Another front for further development will be a combination of single-molecule fluorescence imaging with other non-fluorescence-based imaging and spectroscopy platforms that can enhance the informational output of the single-molecule assays. In vitro mechanical manipulation methods like optical and magnetic tweezers, atomic force microscopy (Neuman and Nagy 2008) and acoustic force spectroscopy (Kamsma et al. 2016) that can apply pN to nN range of forces on single molecules have already been combined with fluorescence detection (Zhou et al. 2010; Kemmerich et al. 2016). Apart from aiding in understanding of virus–receptor interactions (Alsteens et al. 2016) and mechano-chemical coupling of viral enzymes (Dumont et al. 2006; Cheng et al. 2011; Lin and Ha 2017), these methods can allow mapping of the cellular mechanics upon infection (Grashoff et al. 2010). Other high-throughput global analysis approaches like genomics and proteomics, when coupled to single-molecule methods, are finding use in evaluating the cell-to-cell heterogeneity and can become powerful tools in addressing stochasticity in viral infection and host-response (Lubeck and Cai 2012; Lovatt et al. 2014; Lee et al. 2015; Moffitt et al. 2016).

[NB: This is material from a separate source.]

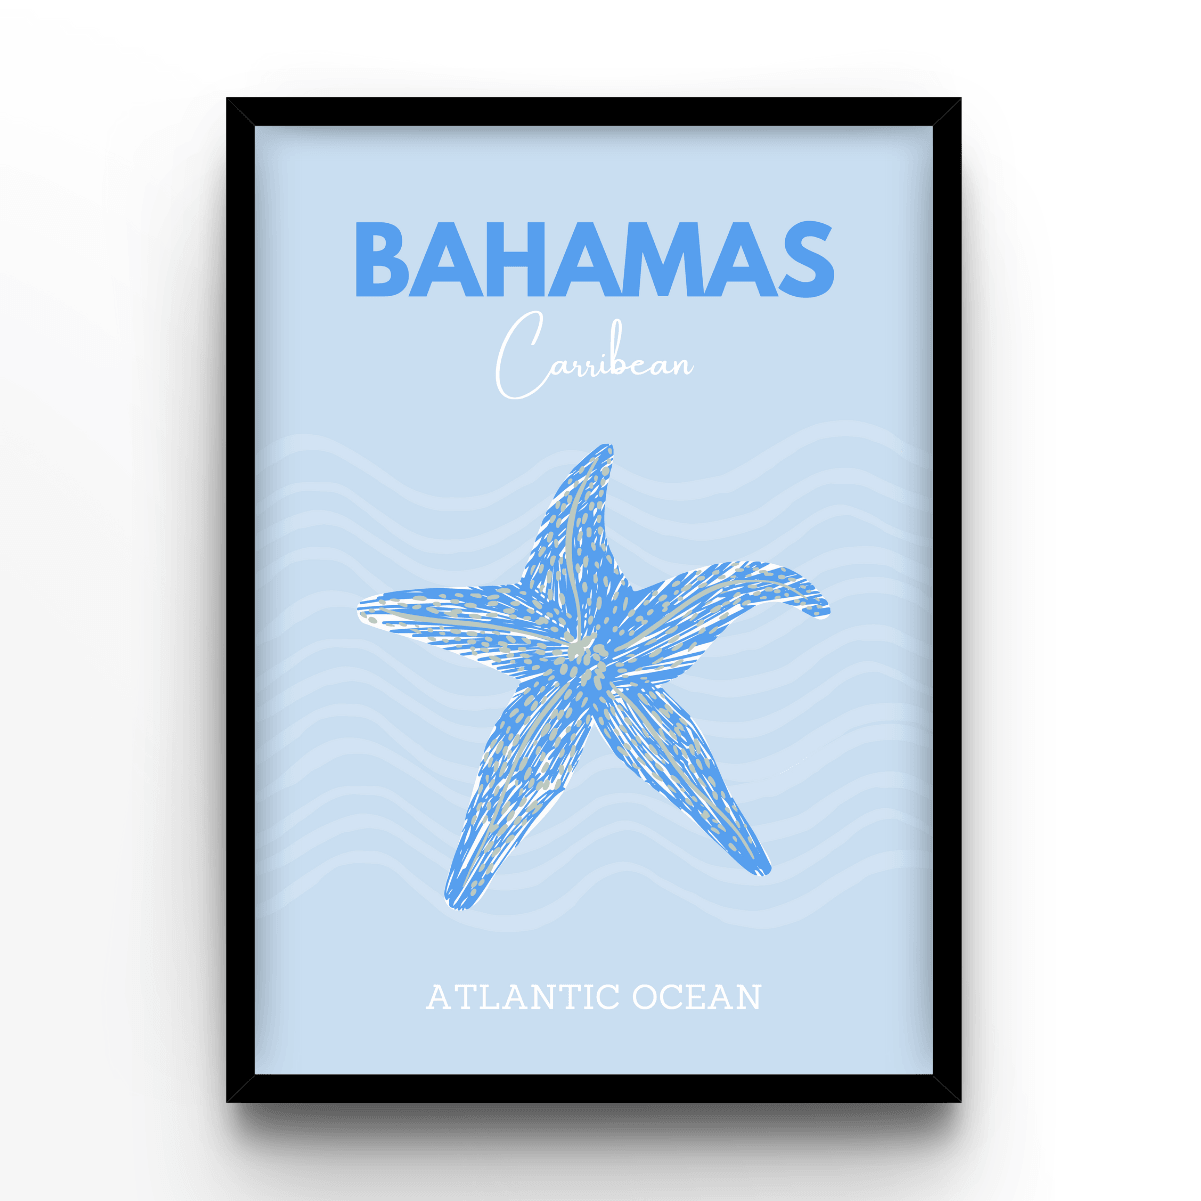 Bahamas - A4, A3, A2 Posters Base - Poster Print Shop / Art Prints / PostersBase

Single-molecule experiments have also remained largely in vitro in nature with studies primarily employing recombinant and truncated versions of the viral components to enable easy and ‘correct’ interpretation of data. Generation of single-molecule experiment capable of constructs using genetic approaches (Nelles et al. 2016; Khan et al. 2017), ability to visualize single molecules deep in animal tissue (Chen et al. 2014; Greiss et al. 2016; Shah et al. 2016), automation and increased user-friendliness of single molecule experiments (necessary for adaptation to enhanced biosafety level facilities) can increase the impact of single-molecule-based methods in virology and other infectious diseases.